In KNIME I solved this problem creating train-test sets from the same Database Query node, splitting them on a next step with the Row Filter node

The Partitioning node is provided for exactly this purpose :wink:

Yes Fabian, but in this case training and test sets cannot be created splitting data in that way.
Because for the training set I need data from January to February, and for the test set I need March data… so I need to run a SQL query to create these data sets…

You are right. Perfect. I assume that everything works now?

Yes it works… :slight_smile:
Thank you very much Fabian

http://carmelosaffioti.blogspot.com

Ciao Carmelo,

I'd like to ask you if you still have an example from this discussion.  I am learning Knime and was delighted to find finally someone who has tackled exactly what I need to do!

When you said

Yes Fabian, but in this case training and test sets cannot be created splitting data in that way.
Because for the training set I need data from January to February, and for the test set I need March data... so I need to run a SQL query to create these data sets...

I was hopeful for an answer in what followed, but Fabian's response seems to indicate that something else transpired or got left out.  At any rate, I don't understand what nodes I should use and in what order they should occur.  Could you help me out?

Many thanks in advance!

The general problem is that both, Weka Learner and Predictor, need to know and have the full domain (including all nominal values). Form the previous example it seems that those datasets are drawn from a different source - in order to get the complete domain for both datasets, you need to combine them first and split them up again. I would suggest using a dummy column to flag the training and test set and then combine those two datasets using the Concatenate node. The most important node to determine the full domain is the Domain Calculator that allows computing all nominal values (per default: only the values for nominal column with less or equal to 60 values are stored); this can be fixed with this node. Last step, split the dataset again, for example with the Row Splitter and provide the datasets to the Weka Learner and Predictor.

Gabriel: Thanks!  The addition of a dummy column is a great idea since is appears that the Row Splitter node is not optimized for splitting on columns of type DateTime (which is most natural for me to use).

I have created the dummy variable and successfully stuffed all the data into the Domain Calculator node.  I then use Row Splitter to pull apart training and test data.  The training data goes into the J48 node, where I get the error:

Execute failed: Weka classifier can not work with given data.
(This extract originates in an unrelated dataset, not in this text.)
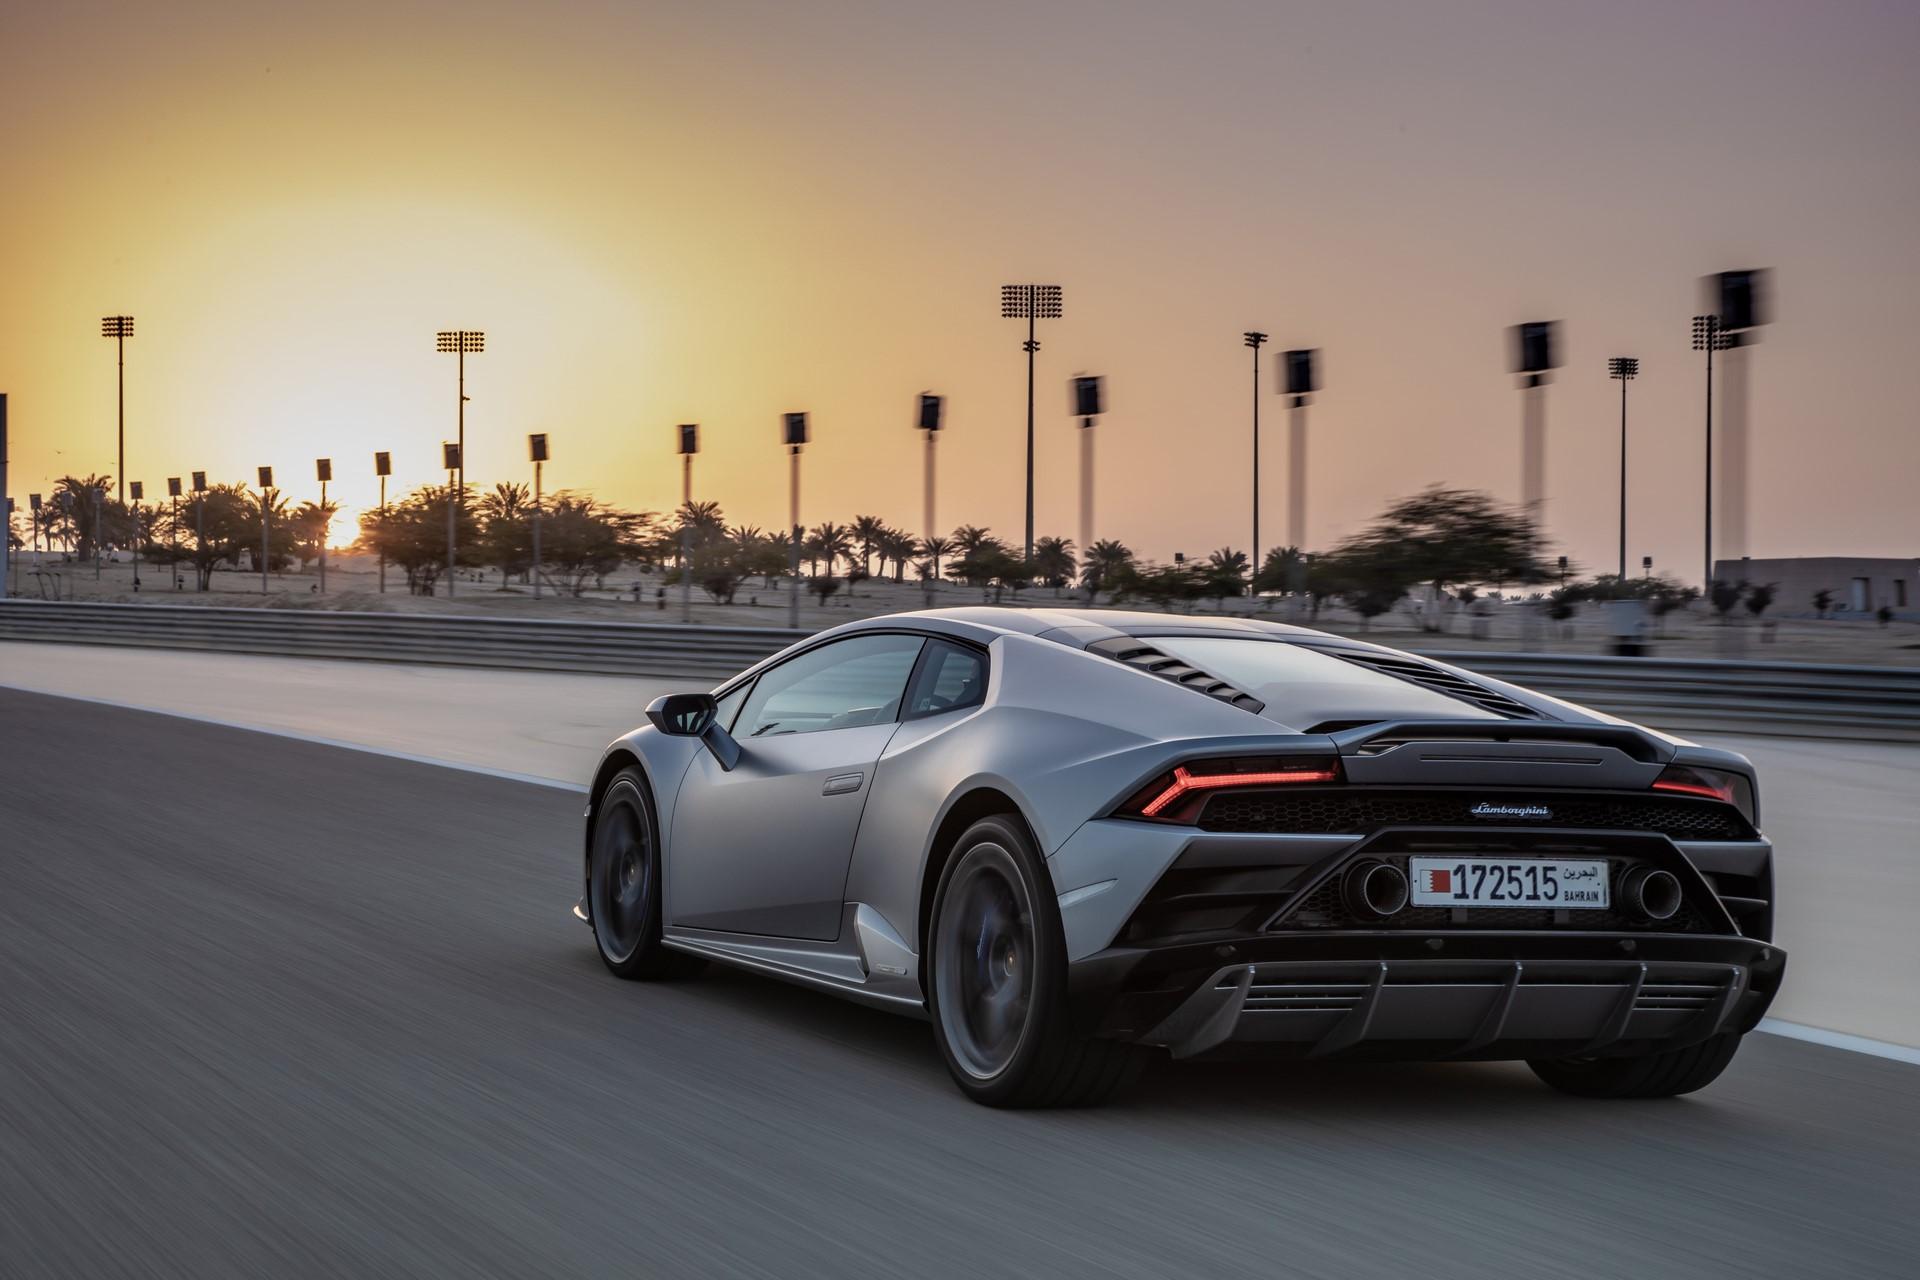 Lamborghini Huracan Evo 2019 (61)

Reason: weka.classifiers.trees.J48: Cannot handle string attributes!

Reviewing the Preliminary Attribute Check inside the Weka J48 node reveals that all my DateTime columns have a message in red text next to them:

weka.classifiers.trees.J48: Cannot handle string attributes!
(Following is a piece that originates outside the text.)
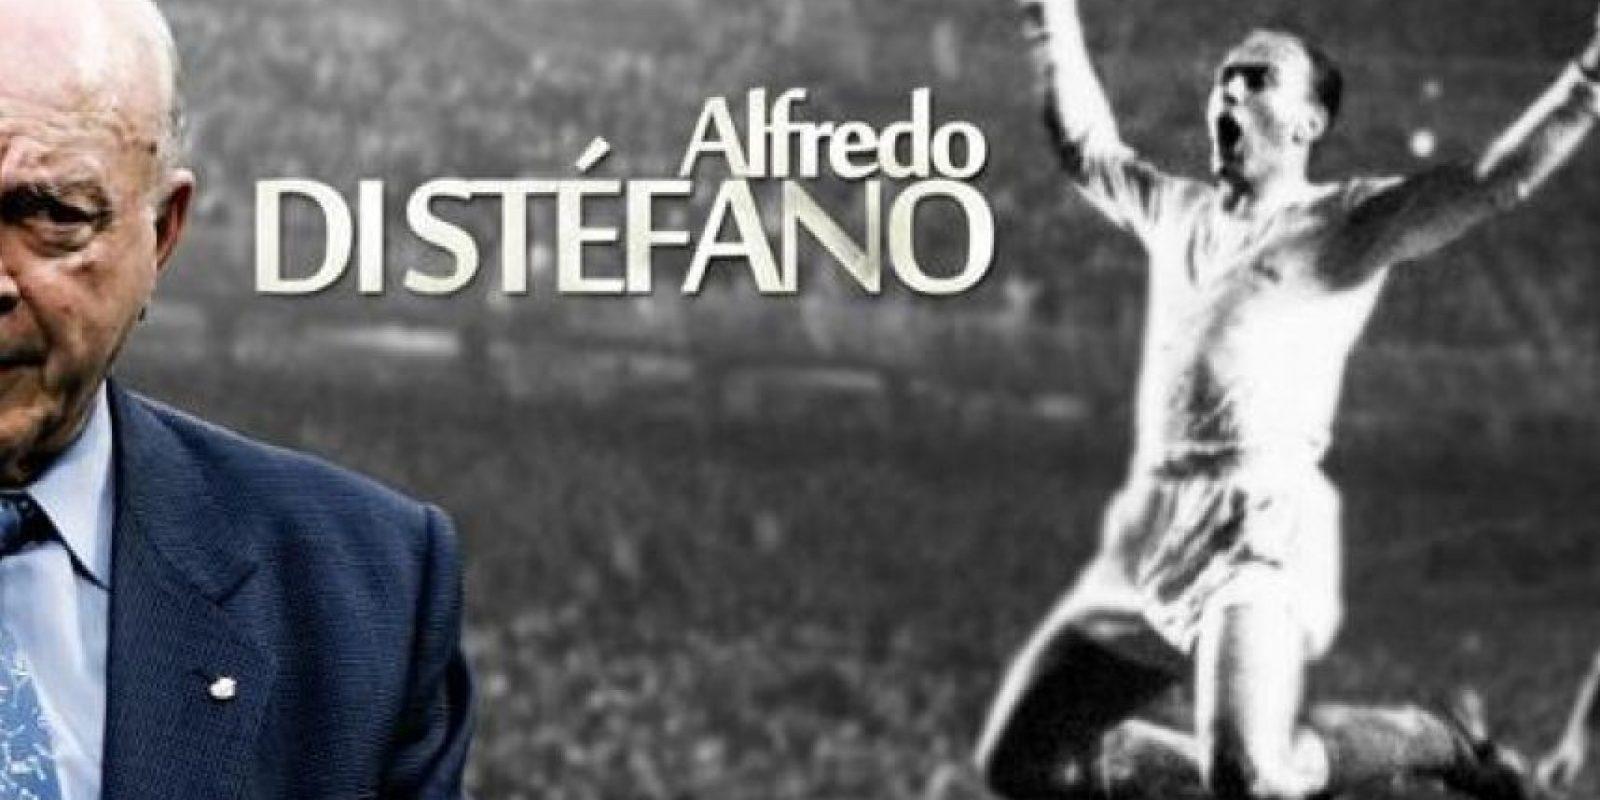 """ALFREDO DI STÉFANO (88 años), eximio futbolista y entrenador hispano-argentino. Su historia estaba íntimamente ligada a la del Real Madrid, con el que ganó cinco Copas de Europa consecutivas de 1956 a 1960. Vistió la """"Albiceleste"""", la """"Roja"""" e incluso la """"Cafetera"""" en algunos amistosos, pero no pudo disputar nunca un Mundial. Foto:Publinews"""

Do I need to cast these DateTime variables into seconds since 1970 in my SQL code and then normalize them, or is there a more graceful fix?  As before, thanks in advance for any hints!  Bill

Not sure if this was already answered above, But I face the same problem of having too many values and it couldn't identify them as nominal values.

 

So did my first creating a "Groupby" node only on the column of the categories/strings, connecting that to the 2nd port of "Edit Nominal Domain (Dictionary)" in the original data to the first port. Work like a charm. (I used it to colorcode for a scatterplot but The data set was quite huge and I think that's where KNIME wasn't able to identify this column as nominal values.